It’s no secret that Aid is a business. Most days I feel inundated by do-gooders – they’re the voices at the other end of cold calls, the hopeful faces flashing across the television screen, and the bright-smiled grads in cheaply printed cotton jerseys working the heavily trafficked pedestrian corners. They’re paid to believe that every penny counts, and they double their commissions when they convince you how a little support goes a long way.
I typically avoid them, shirk them, hang up the handset and cross the street. I curse the small way they inconvenience my day, but when the world seems to crumble, I’m thankful that there are others stepping up to the challenges.

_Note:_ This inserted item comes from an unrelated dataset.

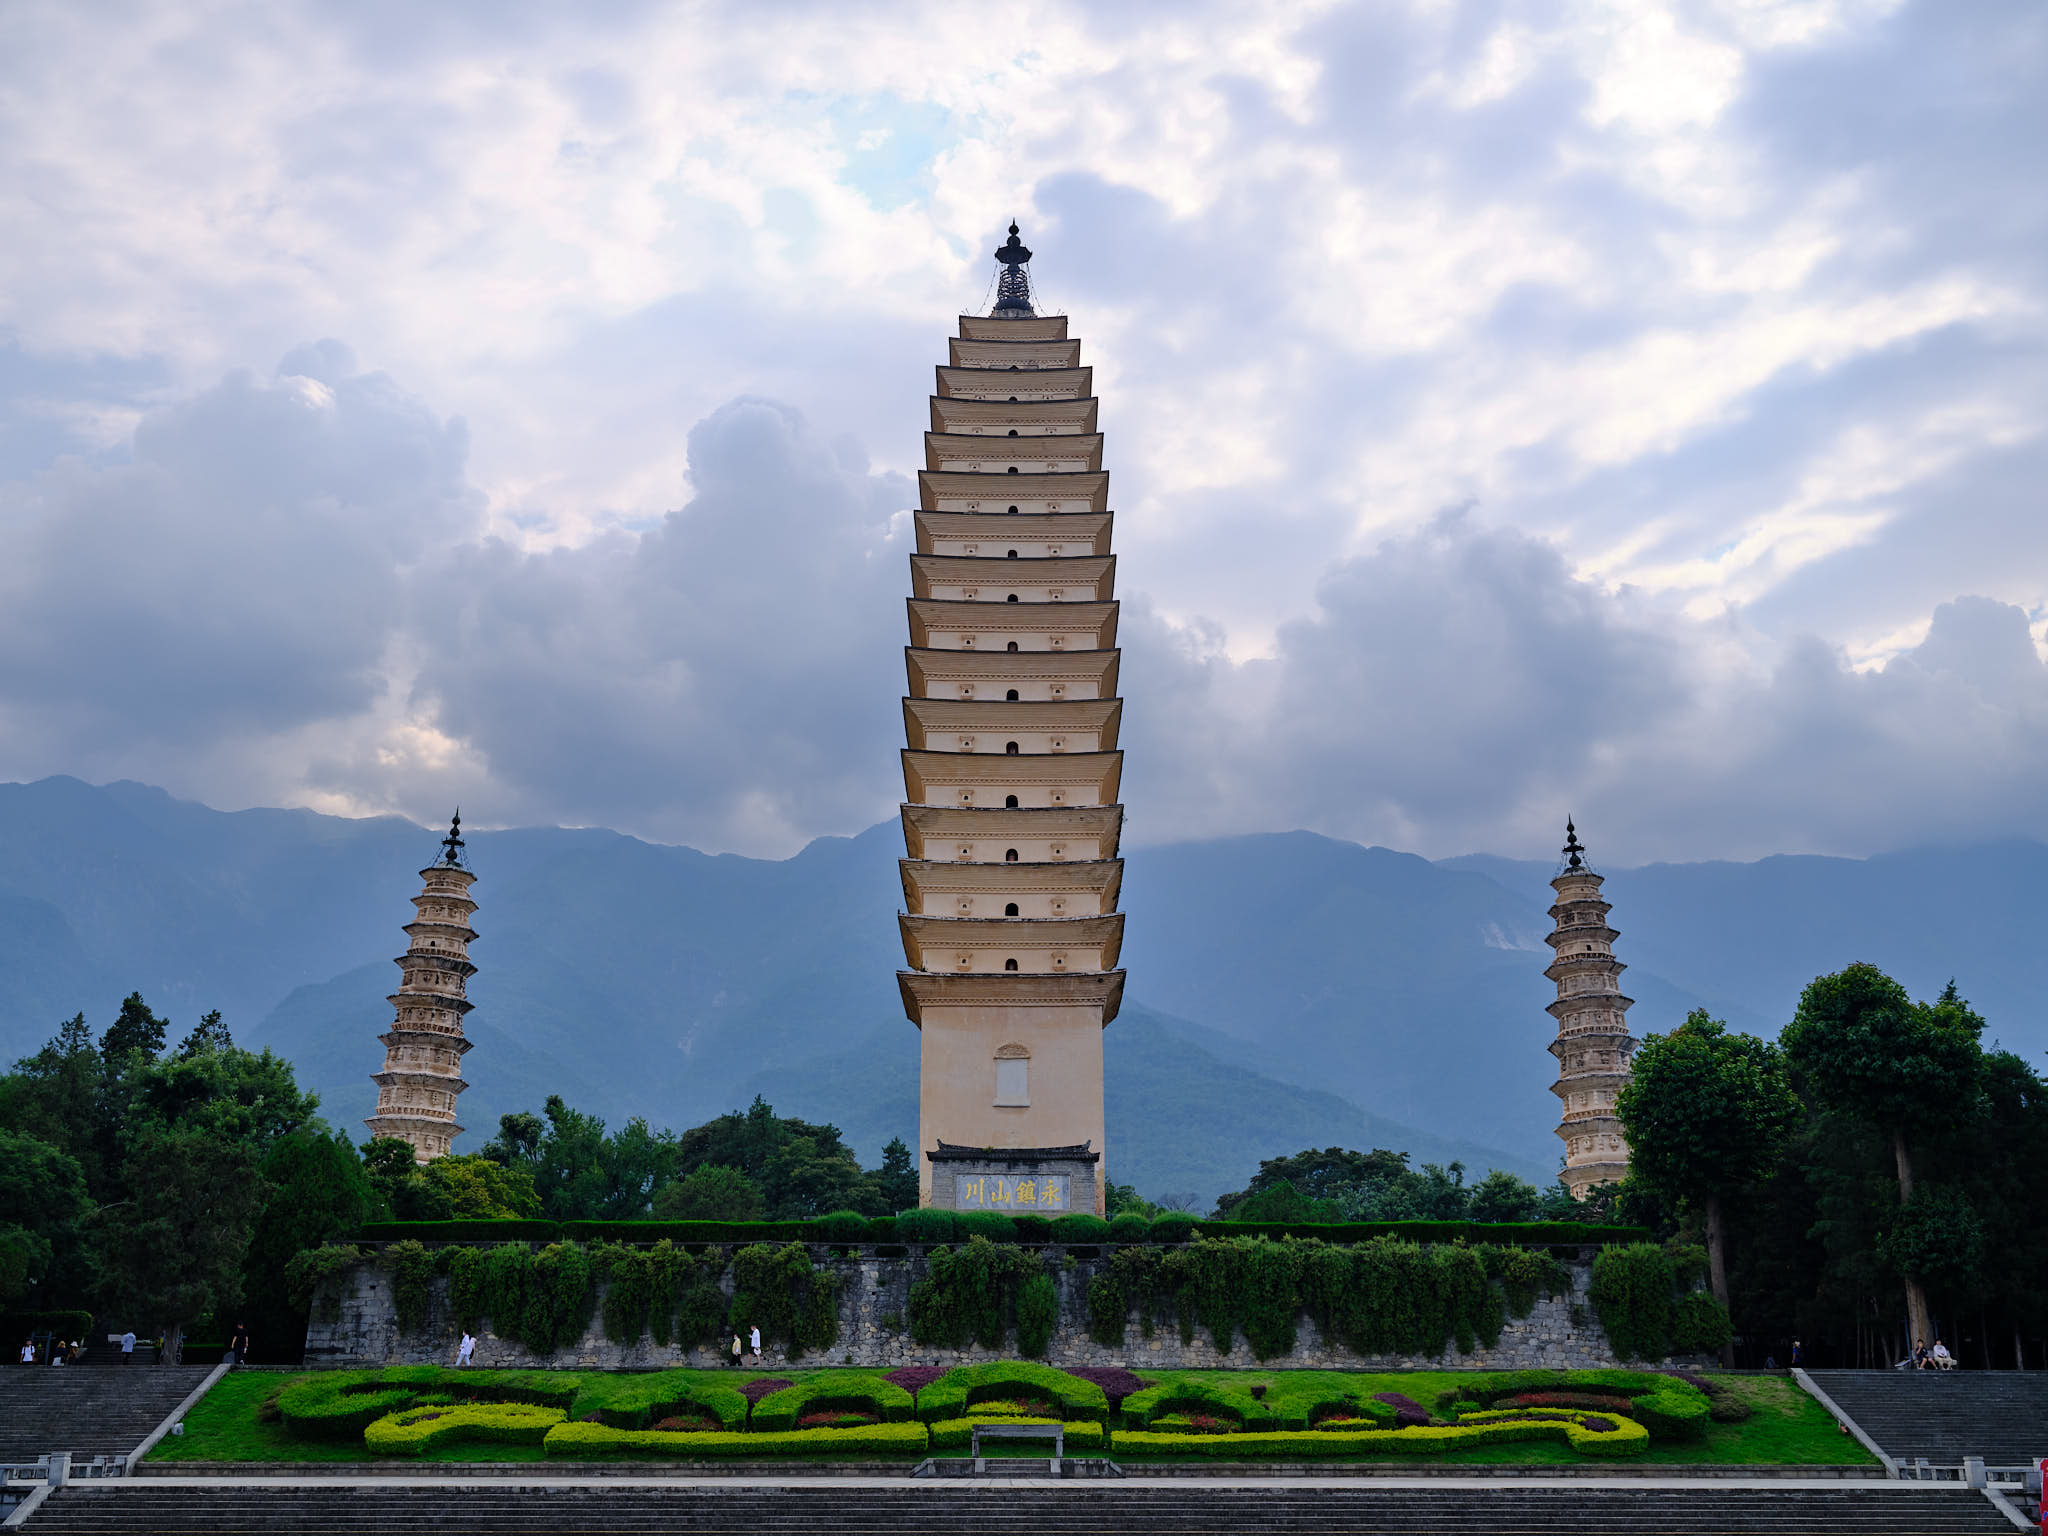 Three Pagodas front view with mountains in the back

I’ve been out of work for some time now, and up until a week ago I could hear the death rattles as my bank balance struggled to stay above the red. My first paycheck will be my saving grace, but in the wake of catastrophe, the need to hoard my earnings doesn’t seem so essential. I’m blessed that I have the means and support to survive without pinching every penny, or worrying about waking up to dry taps and an empty pantry. So when that first infusion of cash hits the bank, I plan on transferring out a day’s pay – one day of work for someone else. It’s a small commitment, but if I can afford my biweekly latte, then I should certainly be able to devote a day’s pay to the service of others. It’s my first step towards making things a little bit better. What are you doing?